Install Spark/PySpark on Mac and Fix of Some Common Errors

Angie Li
Angie Li
Apr 4, 2018 · 4 min read

I’ve been working on a big data project which is about analyzing real-time system logs to classify patterns and errors. Spark, in this case, is particularly helpful since it is compatible with streaming data, and most importantly, it can be used with Python. I’ve successfully installed Spark on my local machine but I’ve also faced some errors during the installation. So in this post, I would like to share my installation steps and my methods of fixing some of the common errors that you might also encounter.

I followed most of the steps (open Jupyter Notebook by calling and initializing pyspark) from Michael Galarnyk’s post Install Spark on Mac (PySpark).
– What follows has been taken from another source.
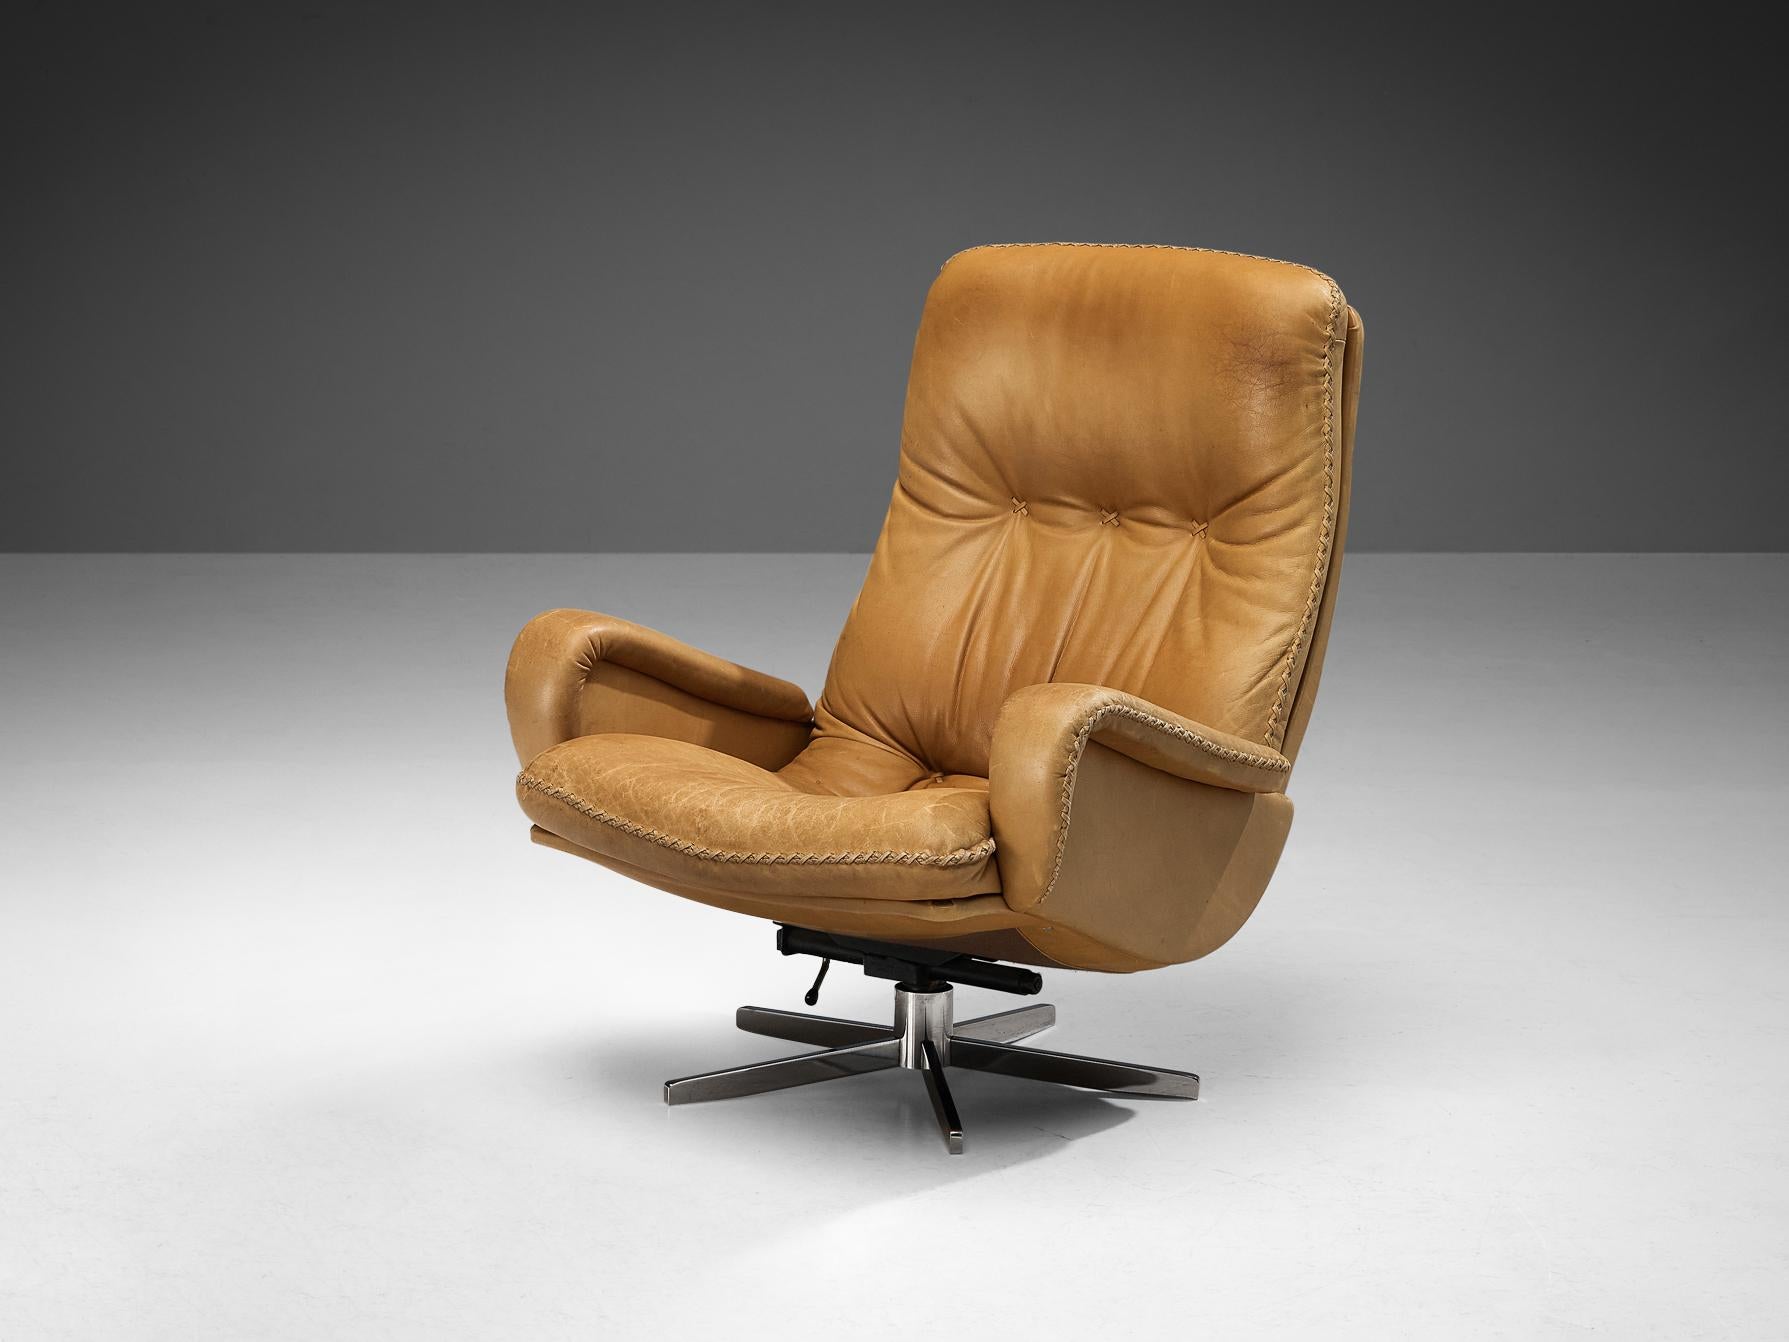 De Sede lounge chair, model 'S231', patinated leather, chromed metal, Switzerland, 1960s

This lovely and stylish chair is based on a solid construction featuring a large backrest and deep seat which offers great comfort to the sitter. The designer

But I’ve shortened the installation part by using Homebrew.

The errors (just to give you a sneak peak before I share the fixes):

  • Unable to load native-hadoop library for your platform… using builtin-java classes where applicable
  • Java gateway process exited before sending the driver its port number

You could also check my Github repo here.

1. Install Spark/PySpark

The Spark installation also requires specific version of Java (java 8), but we can also install it using Homebrew.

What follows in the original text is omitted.